Eine Kündigungsberechtigung ergibt sich jedoch aus §§ 494 Abs. 6, Abs. 1 Nr. 1, § 489 Abs. 1 Nr. 2 BGB.

Im vorliegenden Fall handelt es sich um einen Darlehensvertrag mit einer Sollzinsbindungs-periode bis mindestens 31.03.2027, also über einen Zeitraum über 10 Jahre. Gemäß § 489 Abs. 1 Nr. 2 BGB ist ein solcher Vertrag in jedem Fall nach Ablauf von 10 Jahren, nach voll-ständigem Empfang unter Einhaltung einer Kündigungsfrist von 6 Monaten Kündbar. Fehlen, wie im vorliegenden Fall, Angaben hierüber kann der Darlehensnehmer, auch wenn eine Heilung gemäß § 494 Abs. 2 BGB eingetreten wäre, uneingeschränkt kündigen (vgl. Palandt a. a. O., § 494 RdNr. 10).

Die Klägerin geht also mit ihrem Einwand in dem Schriftsatz ihres Prozessbevollmächtigten vom 02.01.2015, dass ein Hinweis auf eine Kündigungsmöglichkeit, da ein gebundener Soll-zinssatz vorliege, gemäß § 489 Abs. 2 BGB entbehrlich sei, fehl.

Die Anwendung der oben stehenden, die Kündigung begründenden, Vorschriften sind nicht gemäß § 503 Abs. 1 BGB ausgeschlossen.
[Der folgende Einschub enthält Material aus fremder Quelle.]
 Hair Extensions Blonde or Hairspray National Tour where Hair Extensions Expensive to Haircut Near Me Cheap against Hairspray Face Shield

Aufgrund der wirksam erklärten Kündigung kann der Klägerin auch keine Nichtabnahmeent-schädigung zustehen. Die Fallkonstellation ist derjenigen, bei der das Darlehen aufgrund desselben Formmangels nach Auszahlung gekündigt wird – hier fällt keine Vorfälligkeitsent-schädigung an, § 502 Abs. 2 Nr. 2 BGB – gleichzustellen.

Auf die insoweit auch bestrittene Berechnung der Klägerin diesbezüglich kommt es somit nicht an.
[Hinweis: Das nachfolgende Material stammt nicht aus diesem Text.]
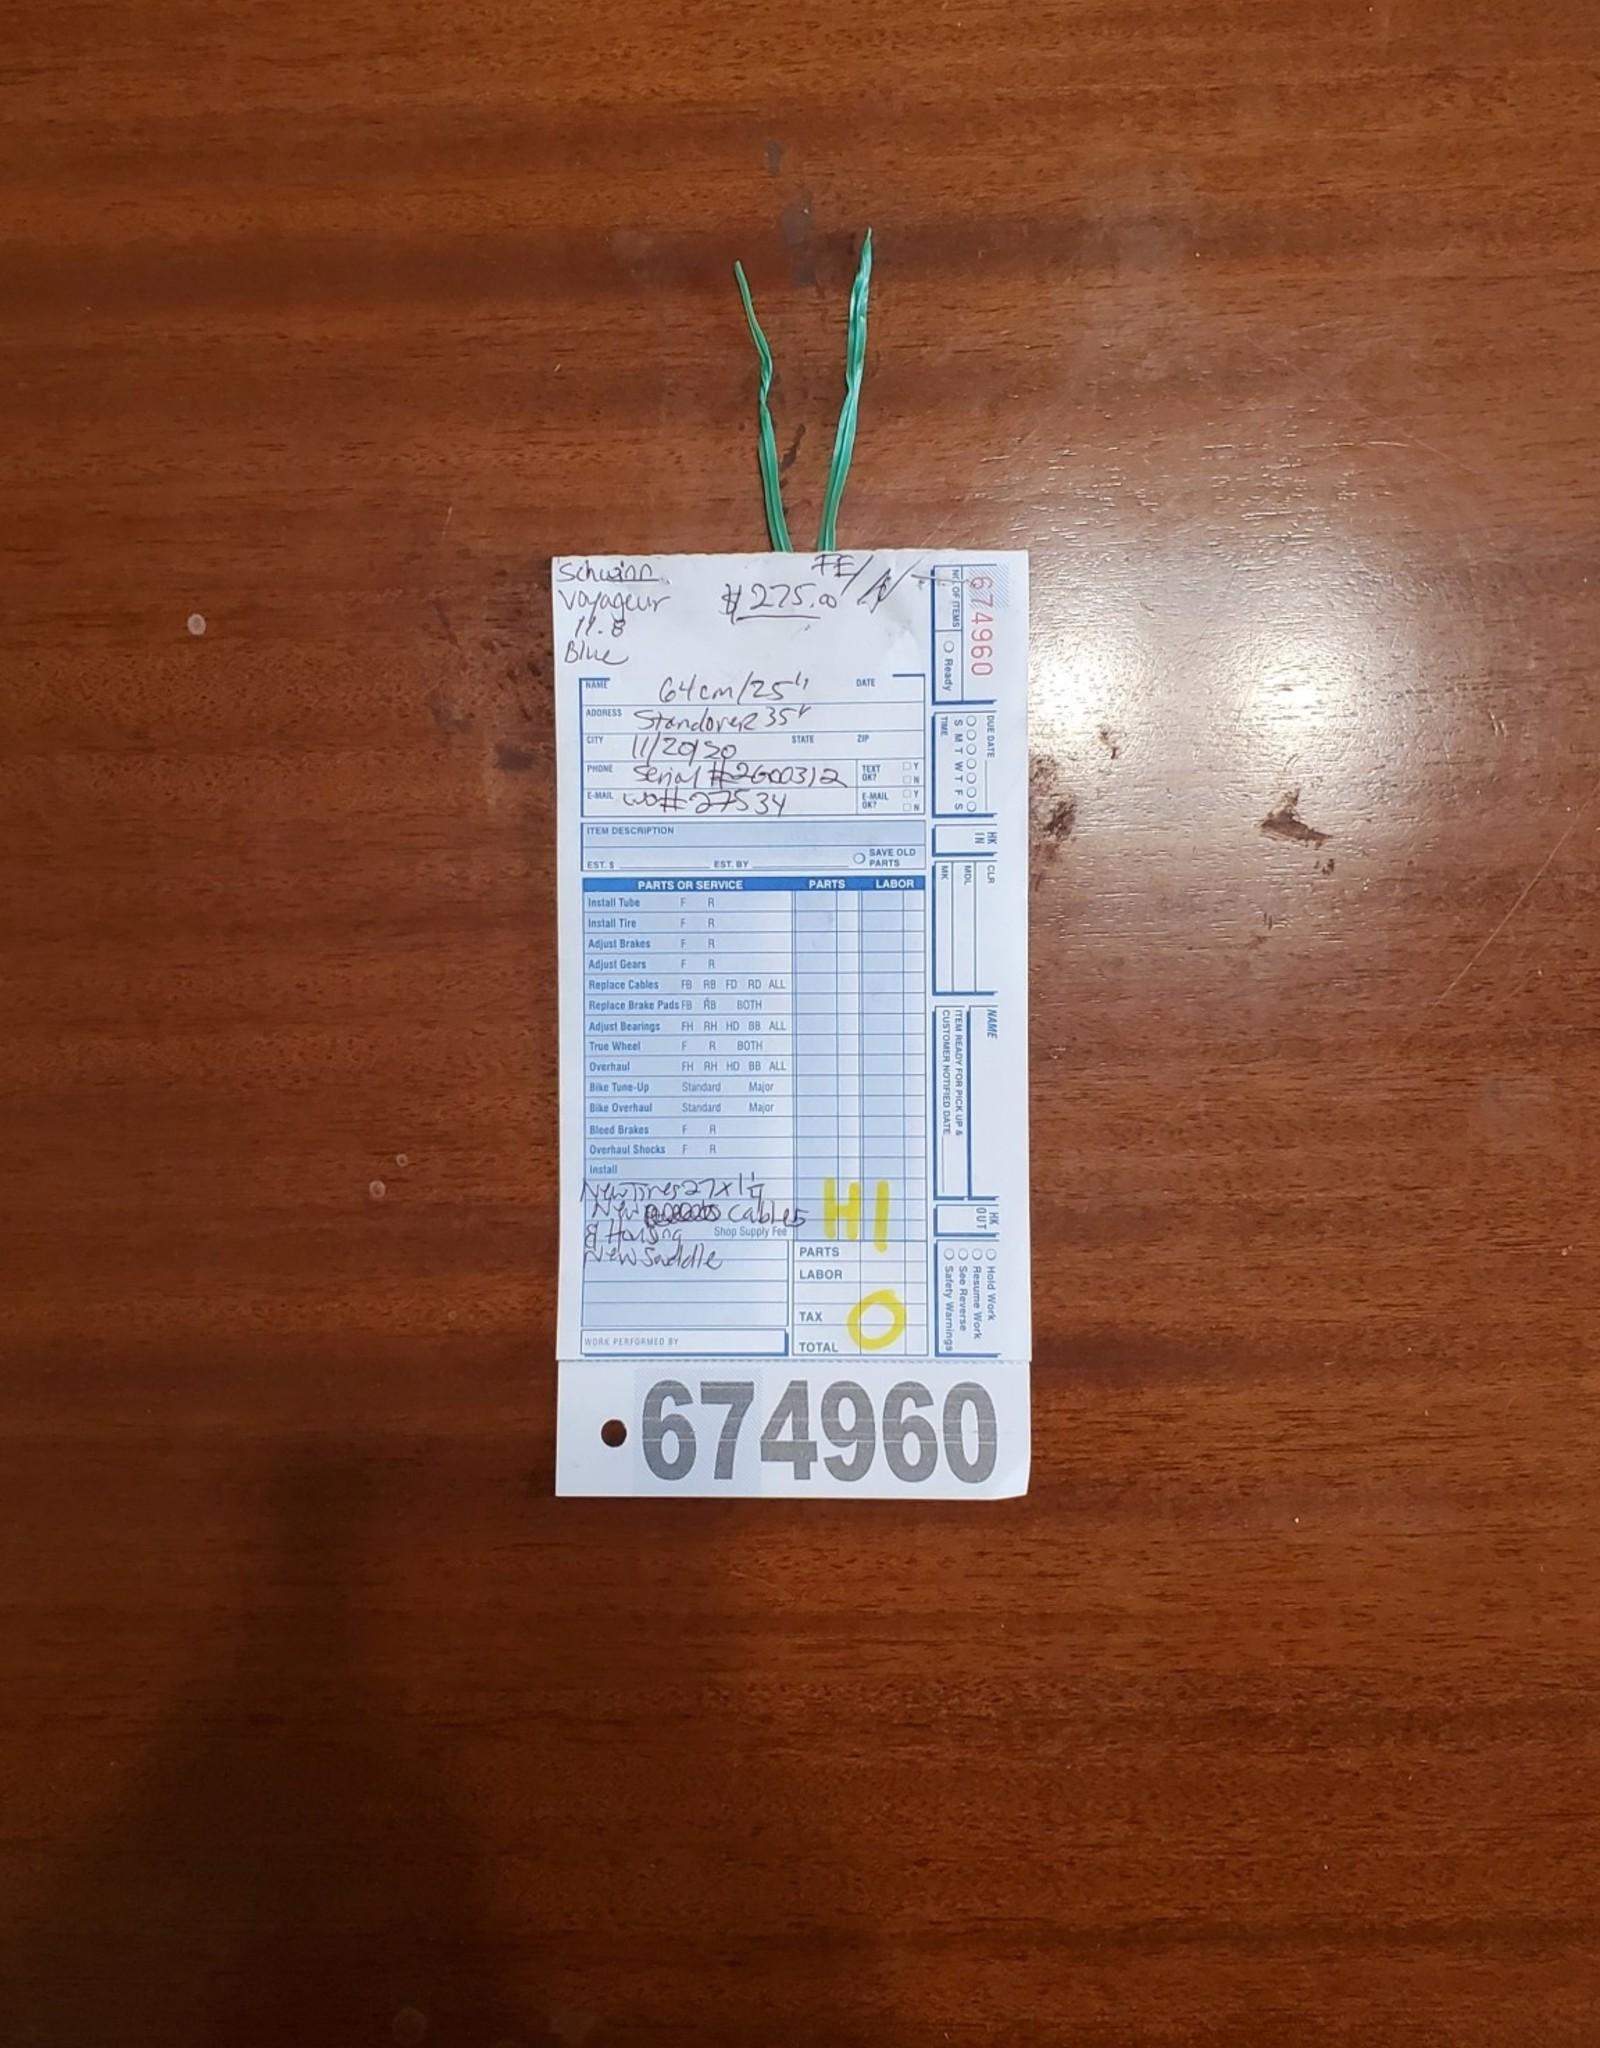 64cm  schwinn voyageur 11.8 (0312 H1U)

Es kommt auch nicht mehr darauf an, ob der Schriftsatz der Beklagtenseite durch ihre Pro-zessbevollmächtigte vom 21.01.2015 als verspätet zurückzuweisen ist und verneinendenfalls, ob der Vortrag erheblich wäre.

Nach alledem war der Klage der Erfolg zu versagen.